Information shown -
▬▬▬▬▬▬

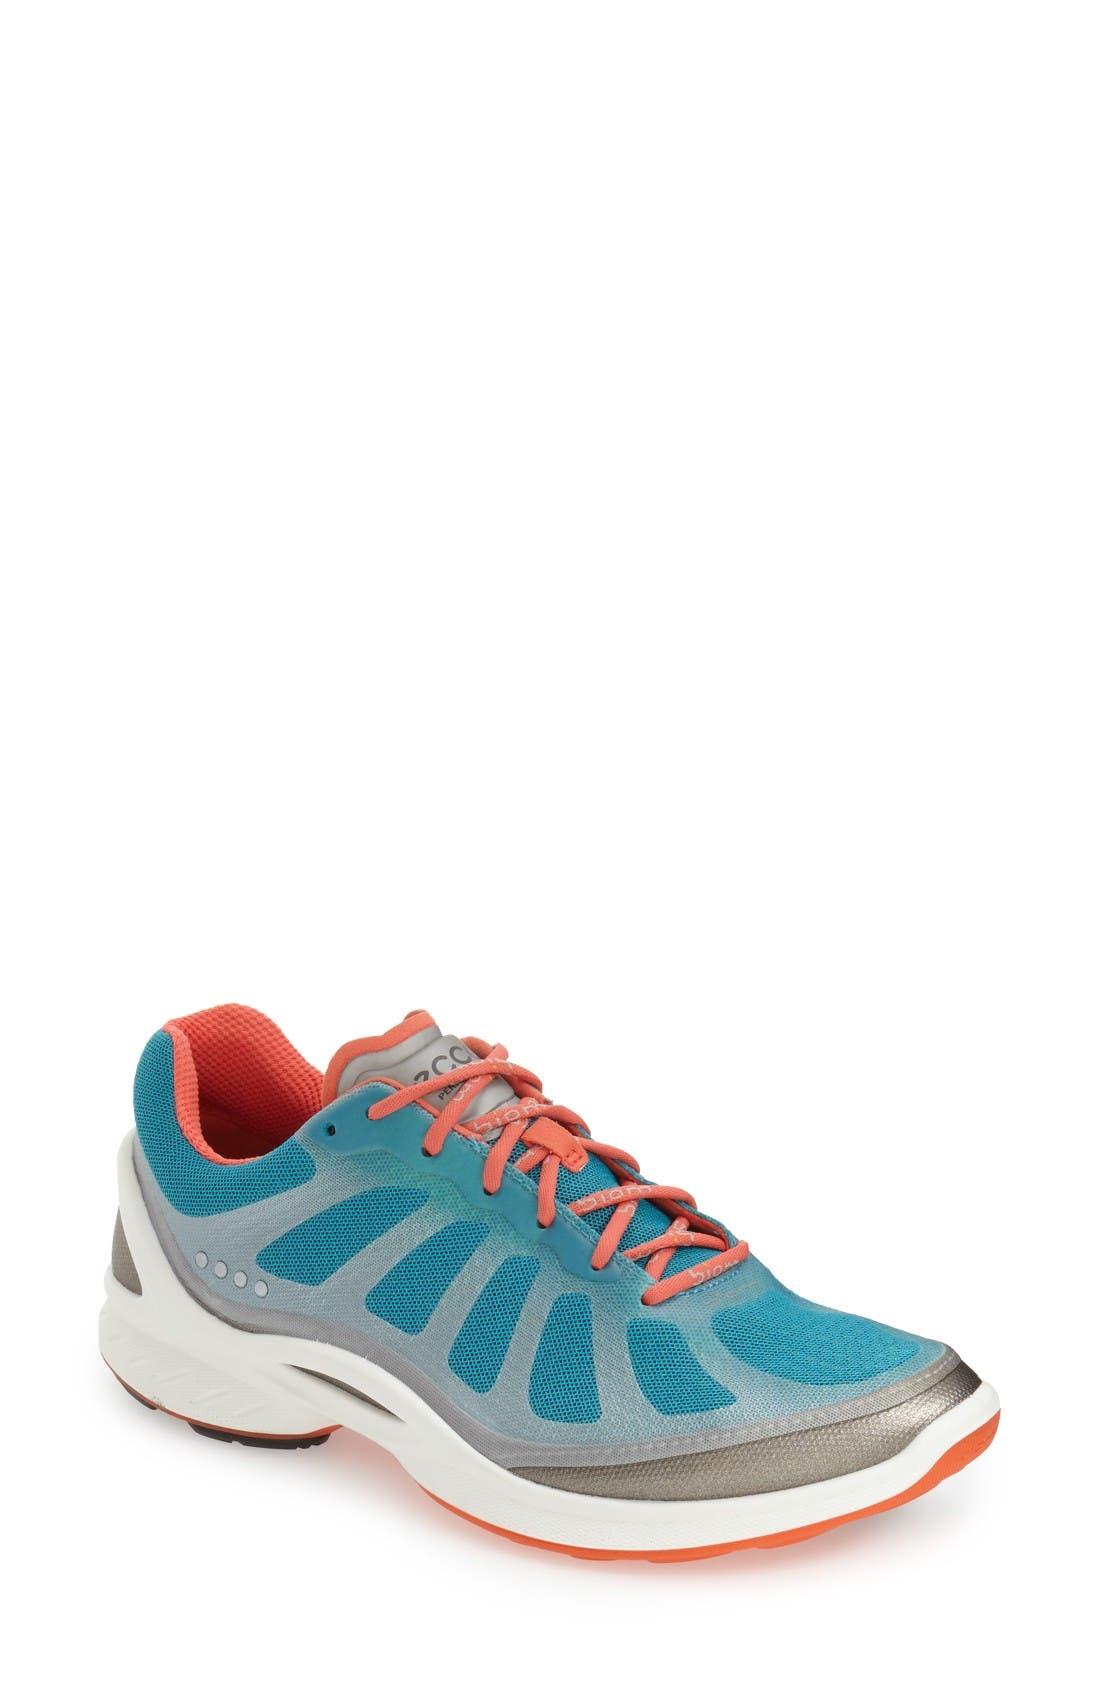 'BIOM Fjuel Racer' Sneaker,                         Main,                         color, Capri Breeze / Coral
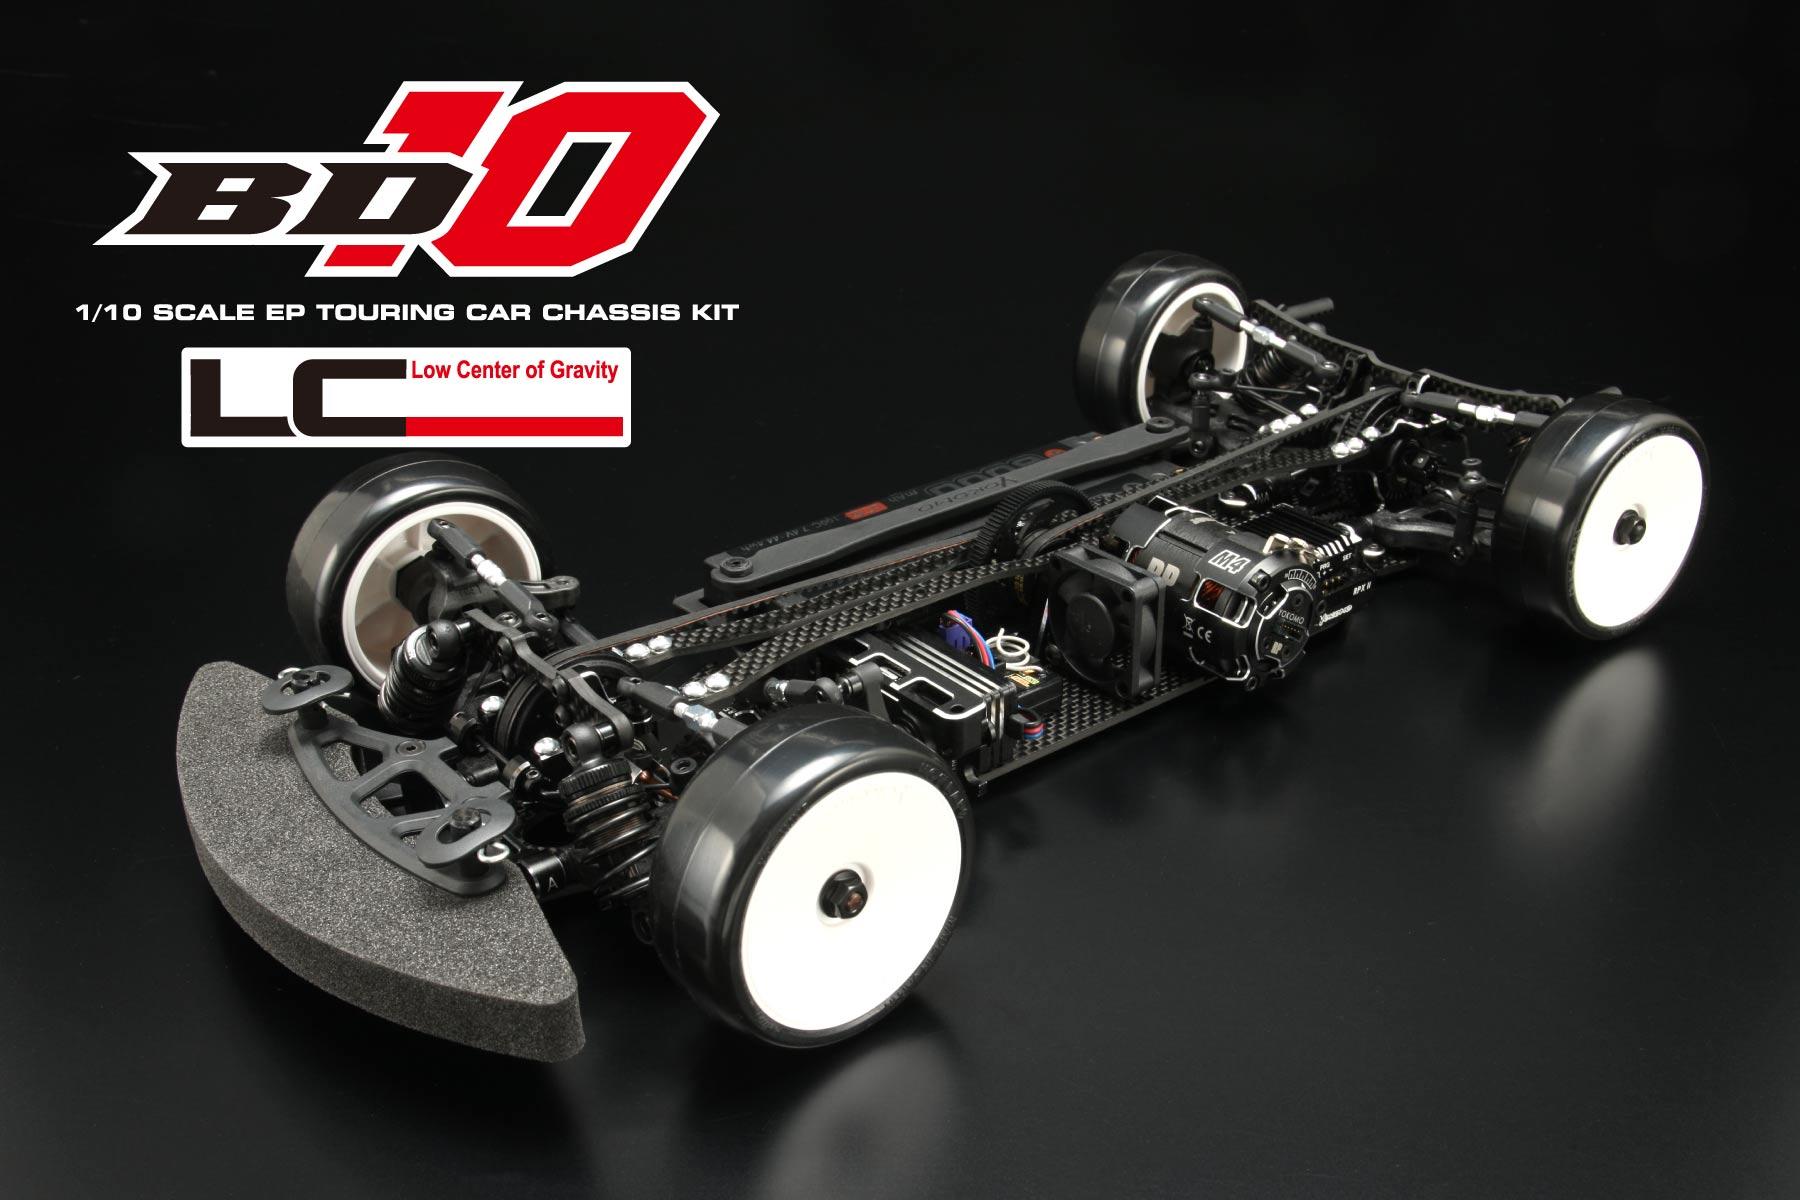 https://store.pro-s-futaba.co.jp/images/mrtc-bd10lc.jpg
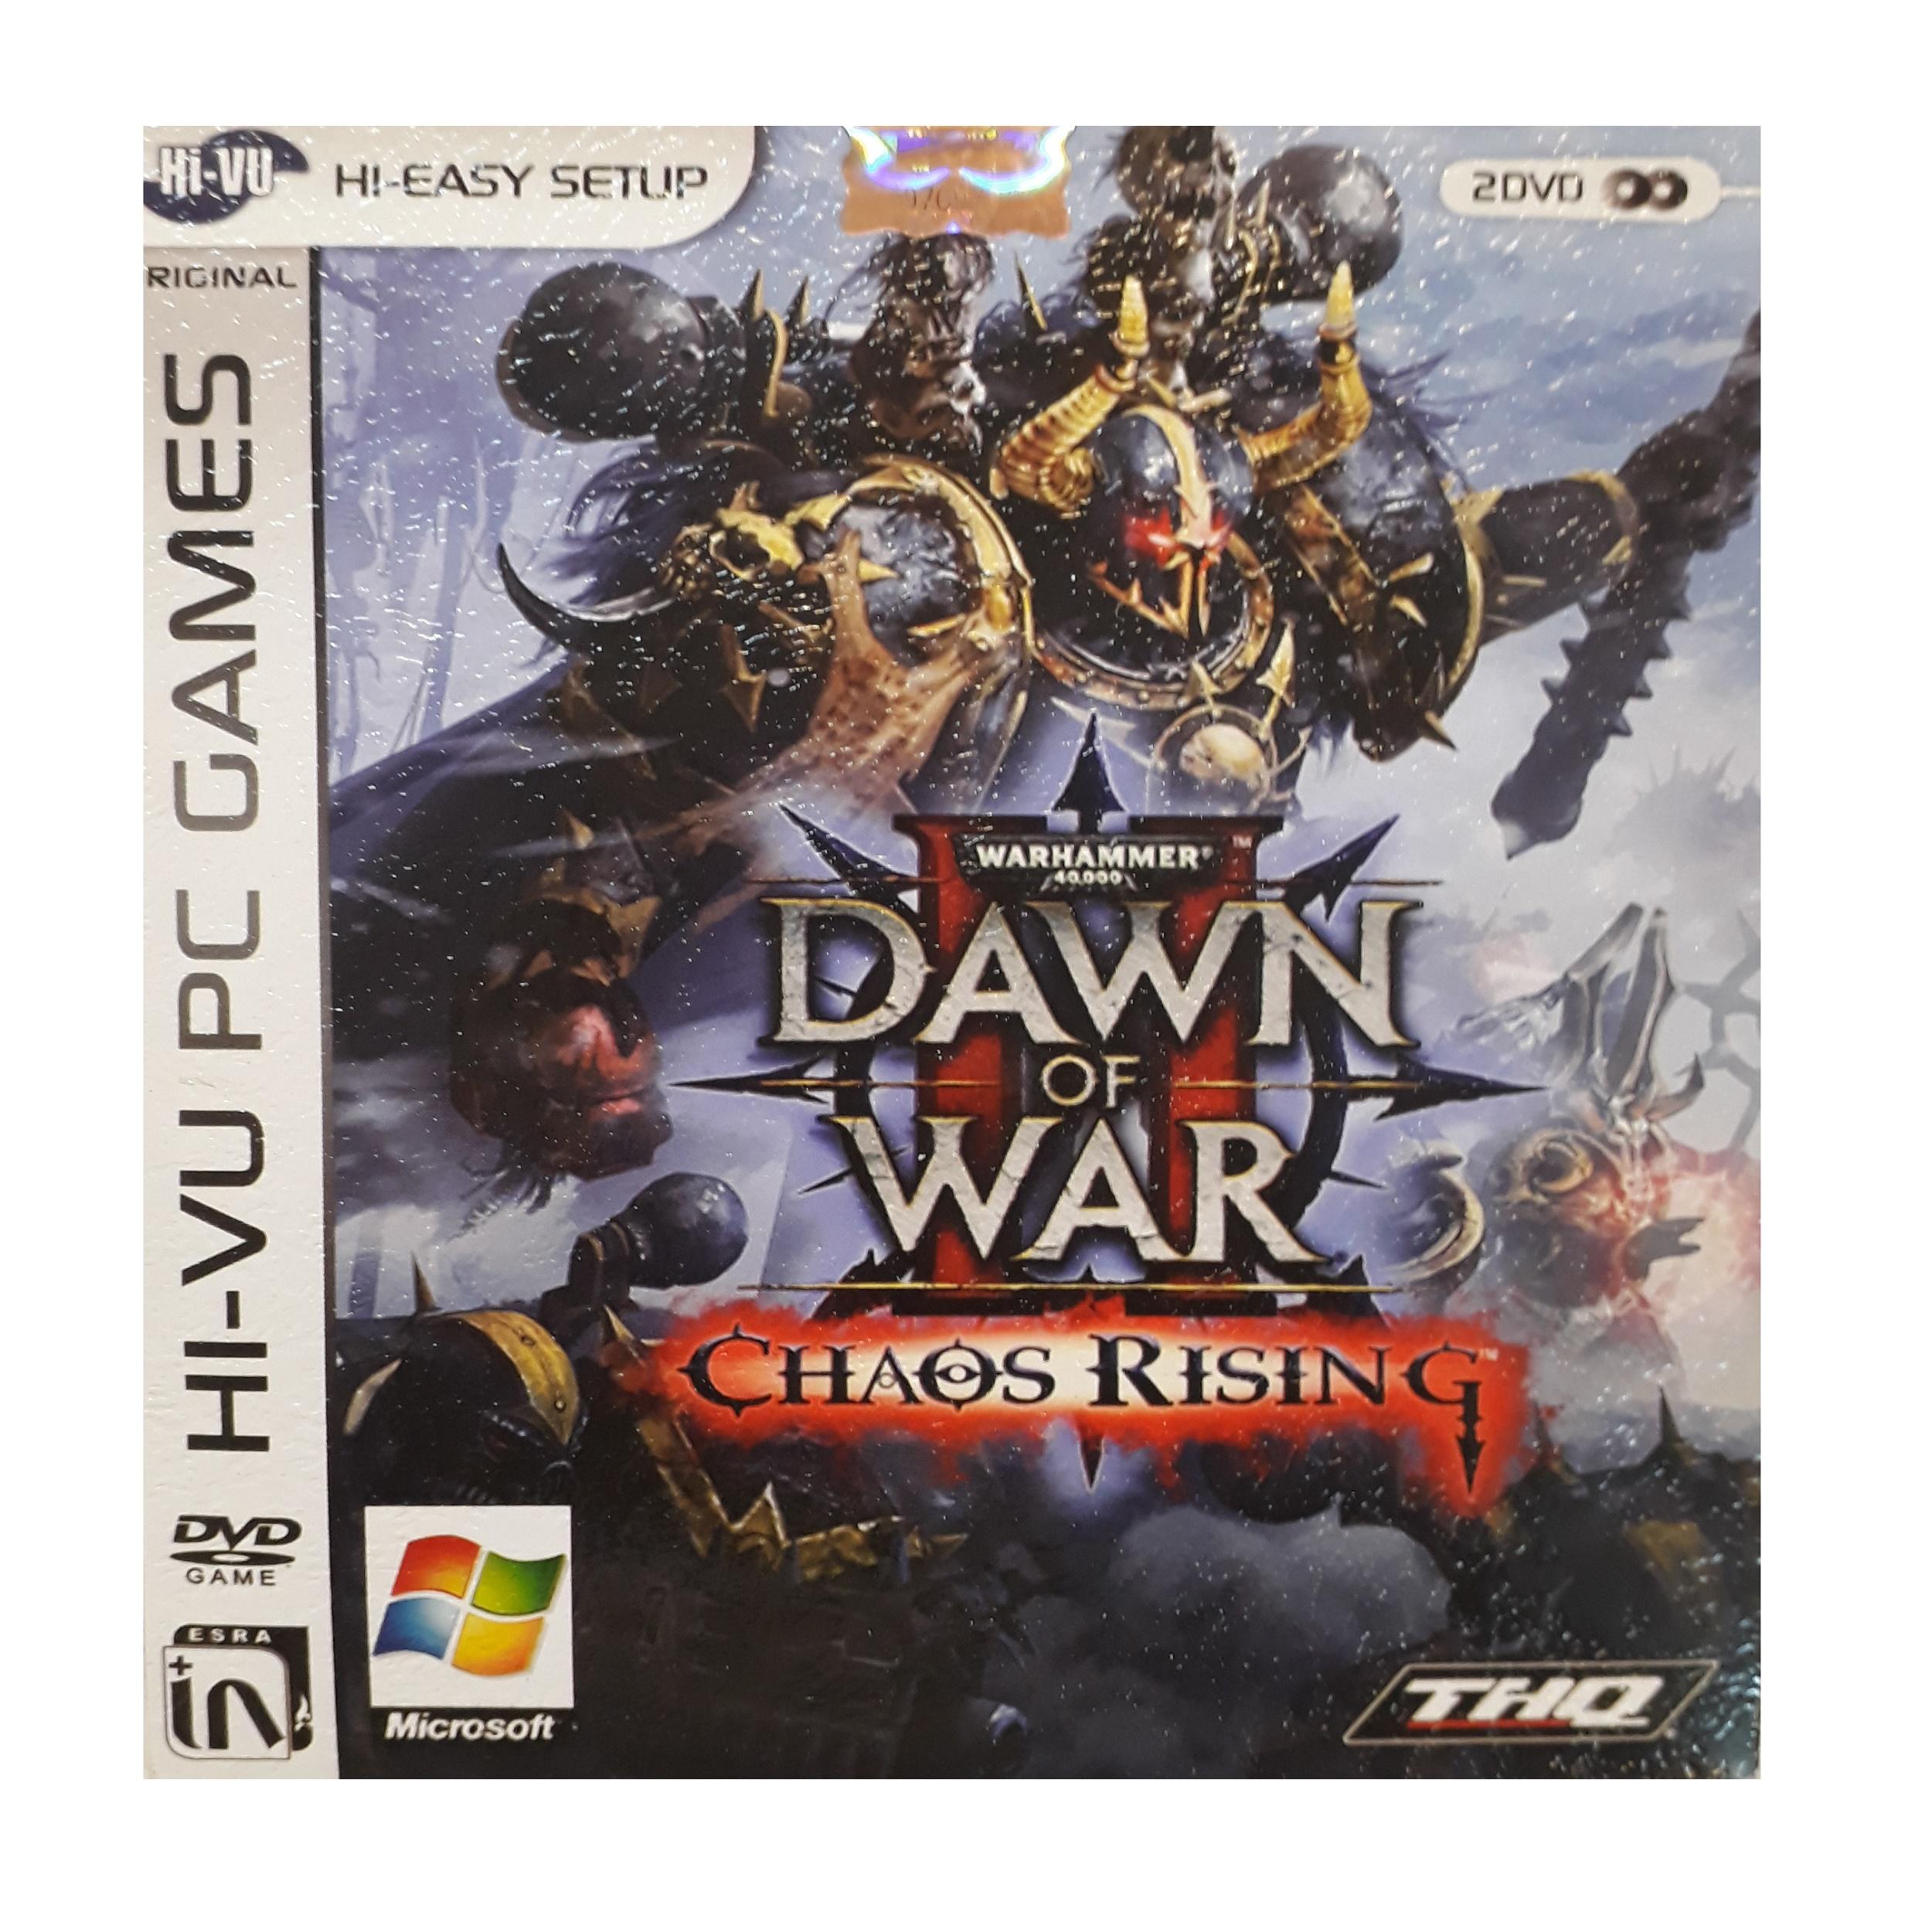 بازی dawn of war II chaos risingمخصوص pc

▬▬▬▬▬▬

Directions for this task -
The whole listing above needs to be copied exactly; please keep the pictures out.

Task result -
 'BIOM Fjuel Racer' Sneaker,                         Main,                         color, Capri Breeze / Coral
 https://store.pro-s-futaba.co.jp/images/mrtc-bd10lc.jpg
 بازی dawn of war II chaos risingمخصوص pc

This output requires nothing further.